By Steve Plunkett

If change is coming to Ocean Strand, it isn’t coming quickly.
At least not quickly enough for the coastal parcel’s neighbors, who have been asking City Council, the Planning and Zoning Board and the Greater Boca Raton Beach and Park District to protect the undeveloped site from becoming anything but a park.
Penn-Florida Companies proposed a private cabana club in December to complement a luxury hotel in Via Mizner, a $1 billion redevelopment project planned for downtown.
Since then, the developer hasn’t said much, said Robert T. Langford, executive director of the Beach and Park District, which owns Ocean Strand.
“They just stirred up the pot, then got out of the way,’’ Langford said.

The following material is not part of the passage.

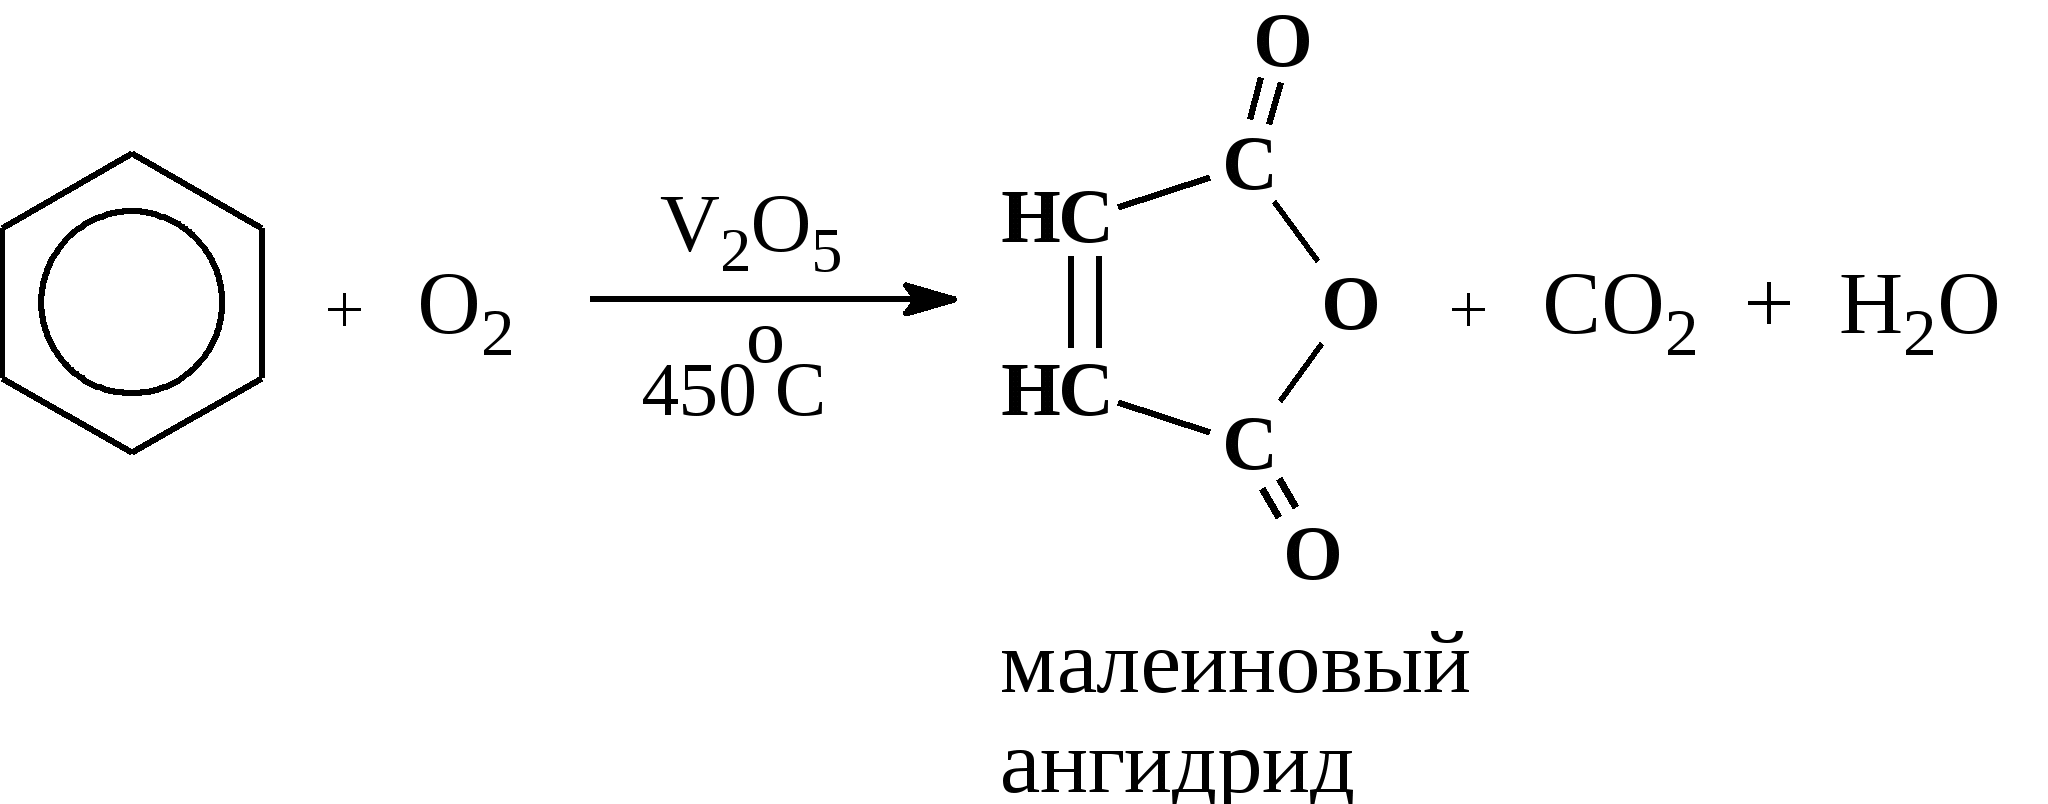 Каталитическое окисление бензола кислородом. Окисление бензола v2o5. Окисление бензола кислородом при катализаторе v2o5. Каталитическое окисление метилбензола. Горение бензола уравнение
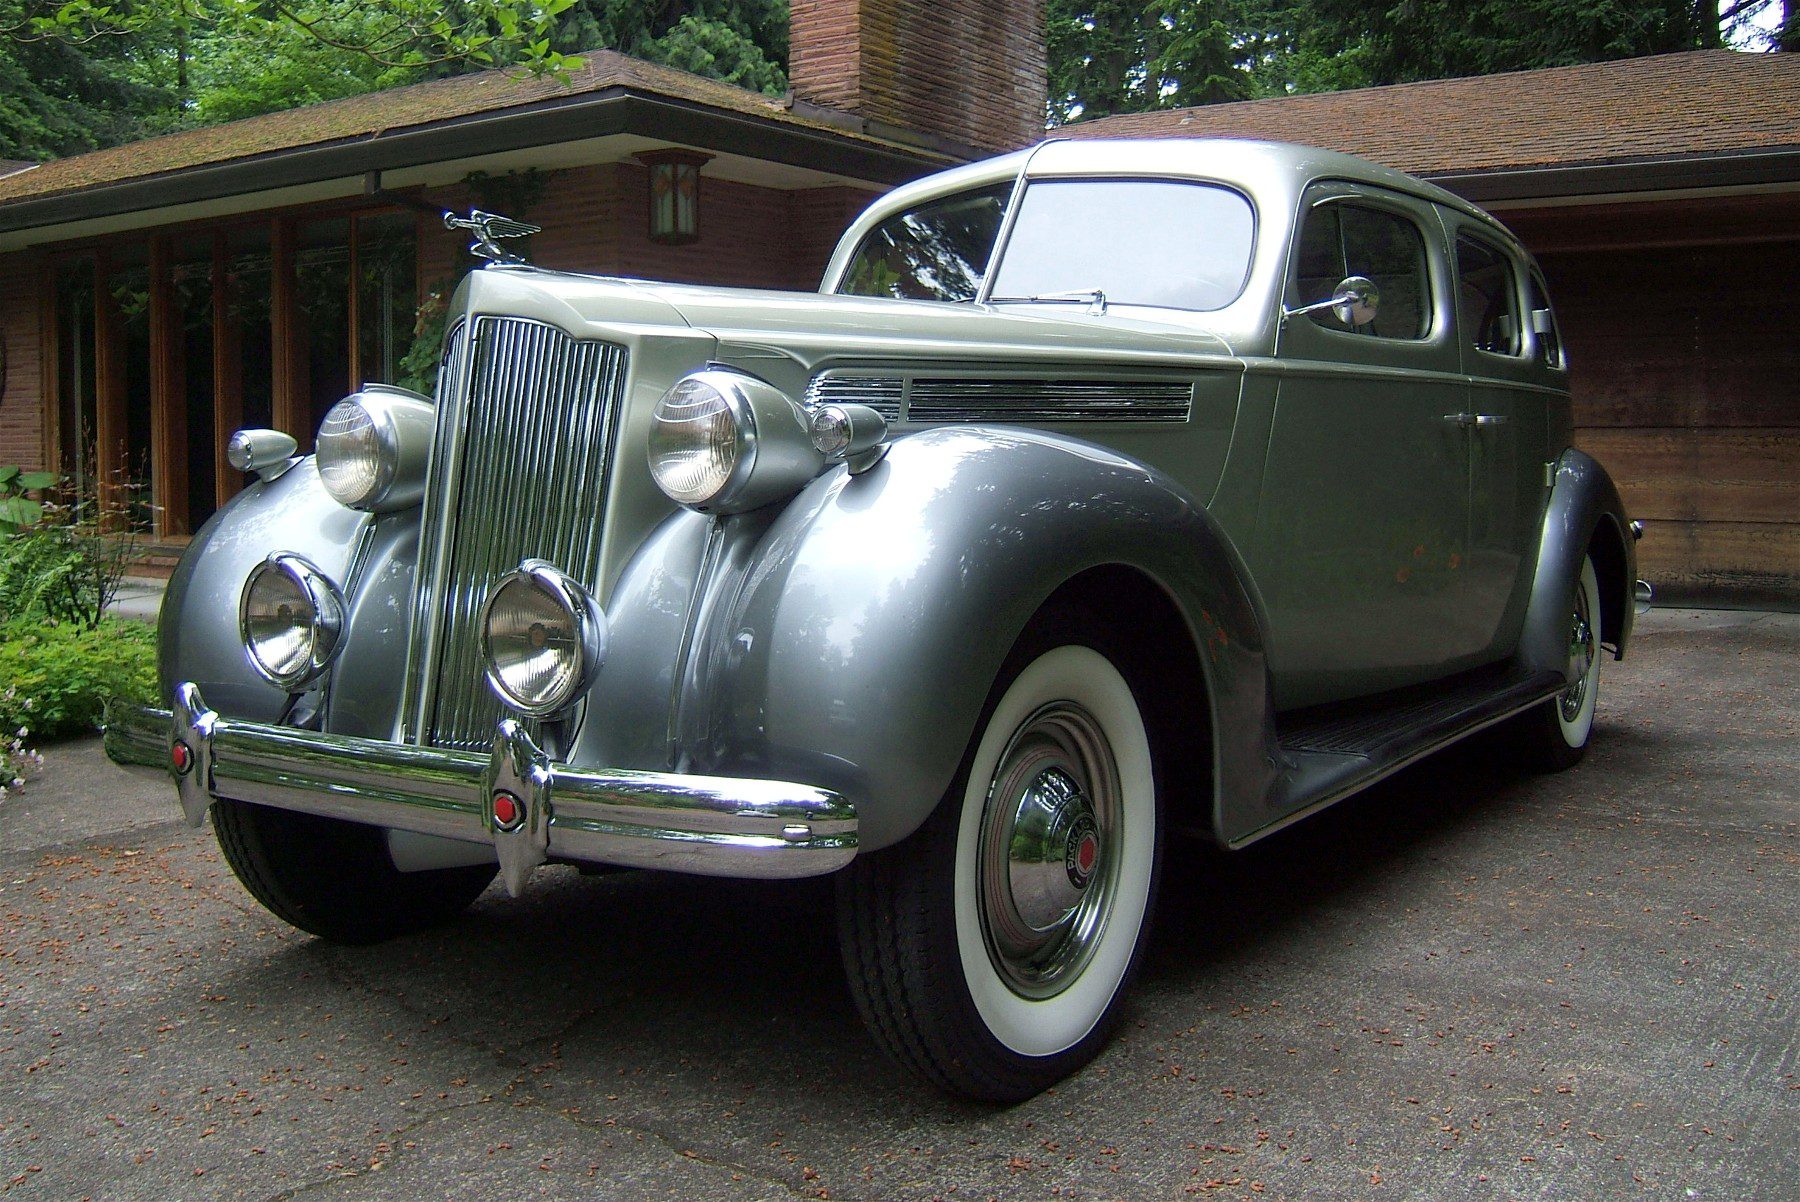 Robert & Frankie Douglas' 1938 Packard 120 Sedan

In response to the outcry, the district will hold public hearings to gather ideas on what Ocean Strand should be, then draw up a master plan and ask the city to rezone the 15 acres. But an architect to oversee the process won’t be hired until the new budget year begins in October.
Ocean Strand’s neighbors want the property rezoned first. The city’s land-use plan labels it residential.
“By the time you have your plan, you might not have the land,’’ Sharon Picker, a resident of neighboring Boca Towers, said at a recent meeting of the Beach and Park Commission.
“Get moving quickly,’’ said John Mirrione, also of Boca Towers.
But Paul McDermott, president of the inland Boca Del Mar community, said developing a master plan first made more fiscal sense. “We don’t like to pay for the same thing twice,’’ he said of studies that would be undertaken each time the property was rezoned.
Joe Pedalino, another Boca Towers resident, told commissioners Ocean Strand’s current zoning would allow a 217-room hotel.
But Mitchell Kirschner, representing Penn-Florida, said, “The beach club we are looking for is not a hotel, it’s a cabana club.’’
Kirschner said the public would not be barred from the beach if the club were approved; private memberships would be available. He also presented a petition with 150 signatures supporting development of Ocean Strand.
Commissioner Elaine Kleinman said she wanted the district’s attorney to determine which zoning categories would allow park facilities and what impact the city’s land-use plan has on Ocean Strand.
“’I think expediency is important in this matter,’’ she said.
The Beach and Park District bought the property in 1994 for $11.9 million. Since then it has sat idle, partly because there was no push from the public to build any facilities, Langford said.
“We never could get anybody to say, ‘Let’s have one of these, let’s have one of those’ — nothing like that,” Langford said.
Pedalino, who urged the Beach and Park Commission “to reach a logical and reasonable solution,’’ said after the meeting that Ocean Strand is the only property the district owns that is zoned residential.
“That is an inequity that should be addressed, and that was not done,’’ he said.